Опасность исходила от жирного окорока Портянкина, на котором болталась суперновинка Тульской Швейной Фабрики – шестиствольный "Макаров", заряженный хвойными иглами, а в портянке правого сапога задыхался морской котик времен адмирала Ушакова – непременный атрибут экипировки современных элитных частей российской морской пехоты, к коим, несомненно, принадлежал гвардии линейный отдел Управления Внутренностей на транспорте "Октябрьский".
ГЛАВА ШЕСТНАДЦАТАЯ
Беспокойство Макарыча оказалось не напрасным. Хлебнув калмыцкой диковинки, сержант Милицкин Портянкин схватил за грудки сердягу-врача, приподнял на полметра от пола и стал трясти, как яблоньку, приговаривая:
– Куда спрятал, подлец, тархетки? Признавайся! В какую конуру запихнул тархетки?!
Кубрик Клистирович посчитал, что речь идет о клизме, запричитал ишаком и скосил поросячьи глазки на ящик стола, в котором дожидался Макарычева часа видавший зады инструмент.
Сержант разомкнул клещи, Суицидов шлепнулся лягушонком на живот, нерасчетливо выпустил газы и обделался. На заднице его белых штанин выступило пятно кофейного цвета. В помещении медпункта заблагоухало терпкими ароматами "Красной Москвы".
Портянкин, гадливо сморщившись, рванул за ящик и взревел так, будто его селезенка отправилась на свидание с печенью.
– Ты что, паскуда, издеваешься надо мной?! – орал он распластанному на полу Клистировичу. – Я спрашиваю, Гиппократ хренов, где мои благовонные тархетки, а не твоя смрадная клизма! Посмотри на свой ослиный зад! Даже барану далеко до такого скота, как твой коровий глаз. Сейчас же подвешу тебя за ребра и оформлю явку с повинной о совместном поджоге с Георгием Деметрадзе футбольной "Алании" и низвержении ее с вершины Североосетинского Дзасохшего Рейхстага. Защемил мне яйца и еще лыбишься! Тресну сейчас мясорубкой по шарабану, проверну под фарш и спущу в мусоропровод, как свою первую жену Портянку. Ха-ха-ха! Испугался? Ладно, не бойся, я пошутил.
Сержант замолк, осел на корточки, обхватил голову руками и беззвучно заплакал. Через пару секунд также неожиданно стих. Макарыч в попытке разрядить обстановку плеснул по кругу из Словаря-Фляжки.
На некоторое время в медпункте воцарилось молчание.
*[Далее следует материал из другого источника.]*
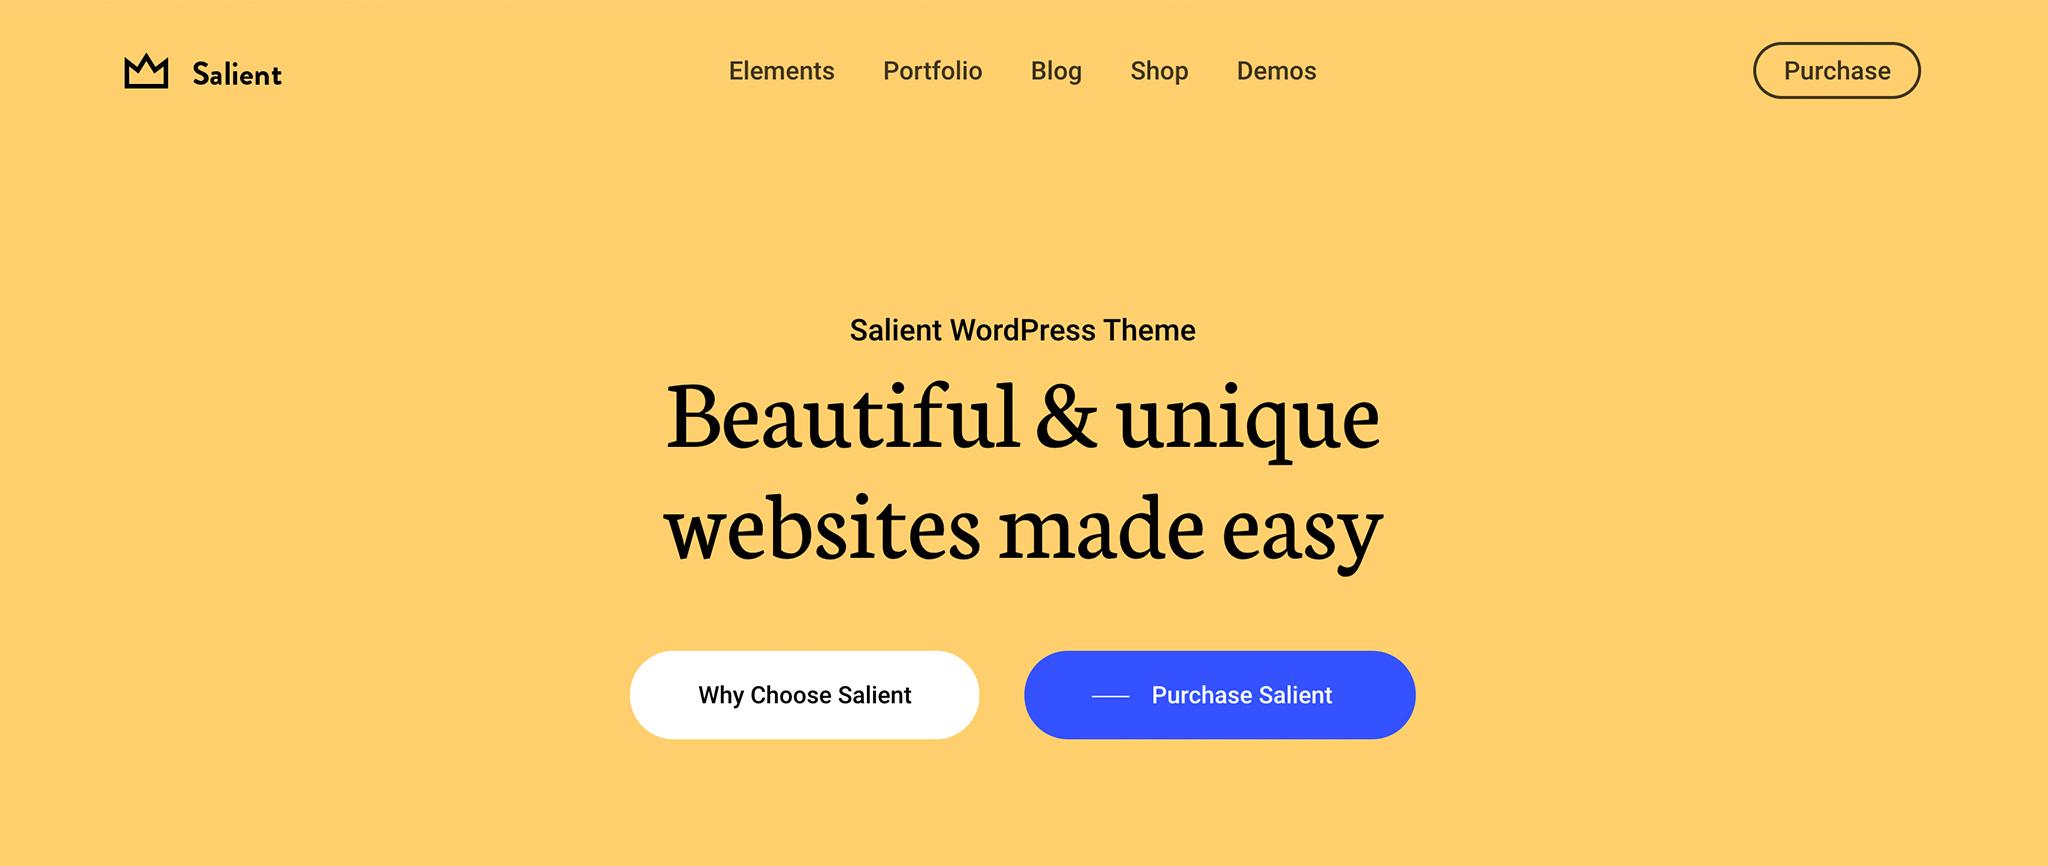 Salient Premium WordPress Theme
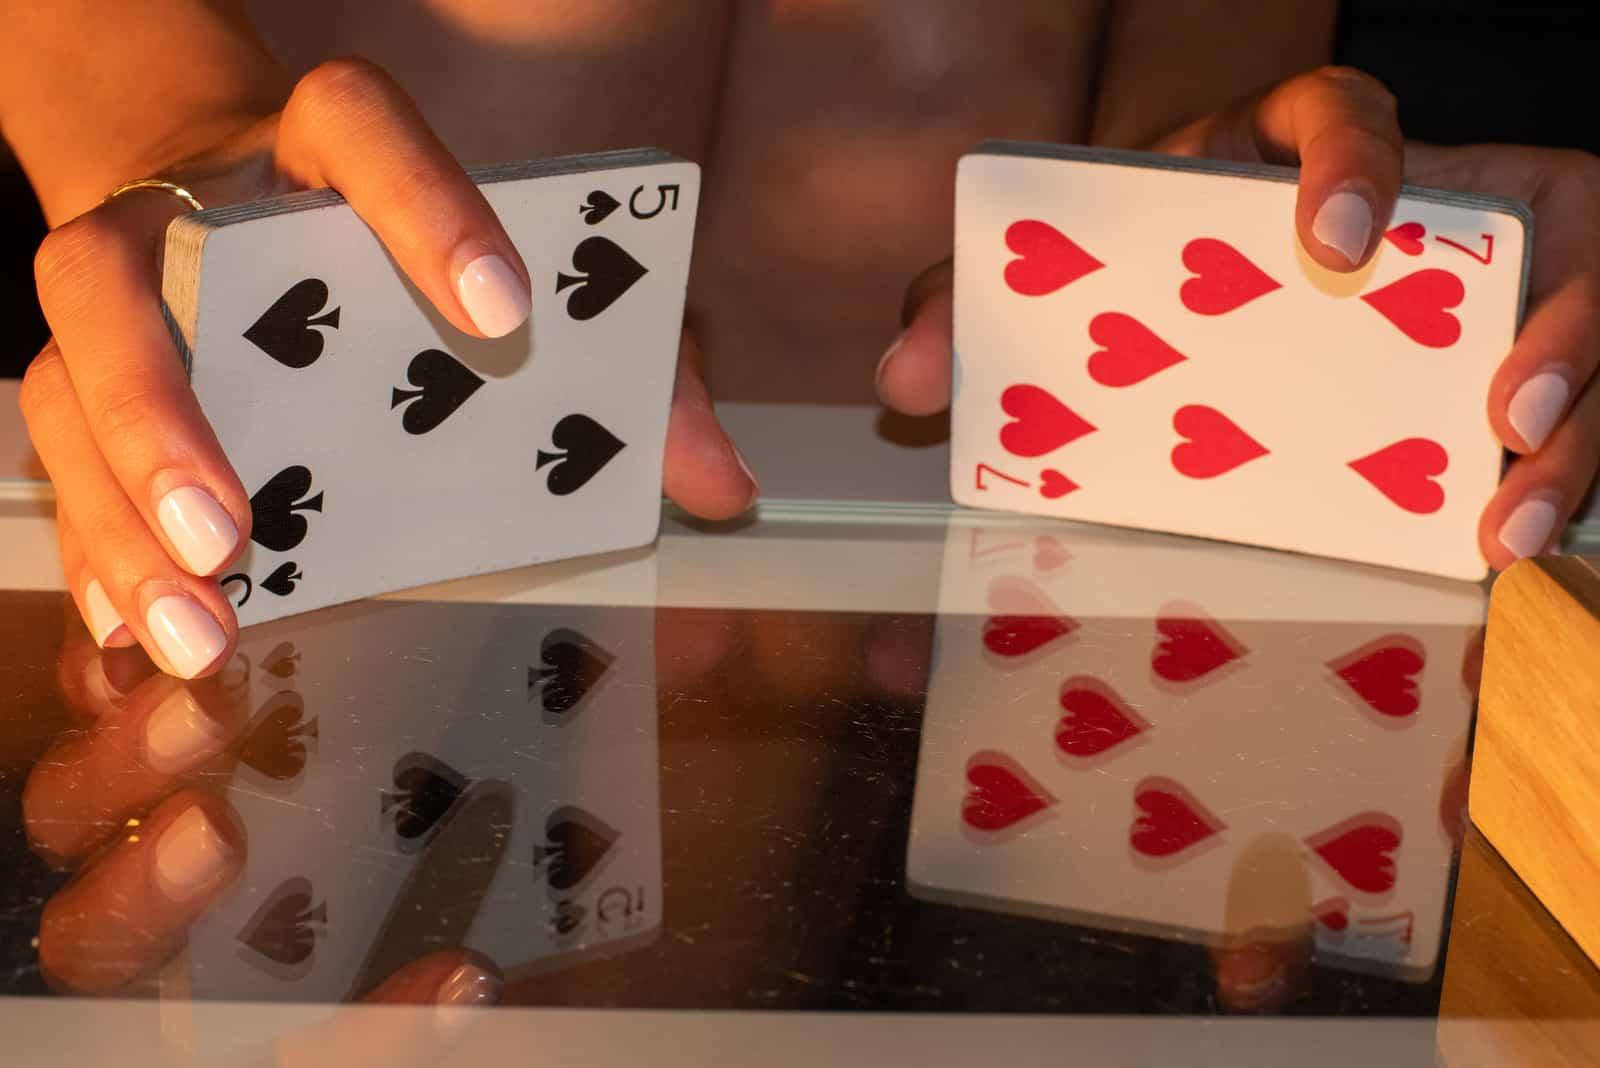 la femme tient les cartes dans sa main

Действующие лица заняли исходные позиции. Хозяин кабинета приспустил штаны и укрепил тыл куском марли. В помещении заблагоухало изысканными ароматами от Coco Chanel.
Макарыч предложил патриотический тост: "За единую и неделимую Калининградскую облясть, свободное перемещение ее жителей, а также вступление России в ВТО!" (Всемирная Торговая Организация. – Авт.), – который был единодушно поддержан.
Троица накатила, и калмыцкий змий сдавил в объятиях сержанта Портянкина еще нежнее. Служивый выхватил из сапога морского котика и принялся возить его по столу взад-вперед, живописуя процесс нарезки воображаемого хлеба. Phoca ursina, адаптированный к условиям российского "обезьянника" и причудам человека в форме, всячески подыгрывал хозяину, издавая писк тупого ножа.
– Моя бабушка во время войны служила в тылу, в заводской столовой. И всем трудящимся работягам нарезала буханки на ровное число тархеток, – сообщил Милицкин о нечто невиданном даже словарю Даля. – Вот так! – Животное, ухваченное за хвост, описало замысловатую дугу и напоролось на выпирающийся из стола ржавый гвоздь. Манипуляция повторилась еще и еще. Пару раз бабушкин внук не рассчитал и настругал вместо "тархеток" большой и безымянный пальцы. Выругавшись, он обтер кровь пушистым мехом и затолкал притихшего зверька за голенище.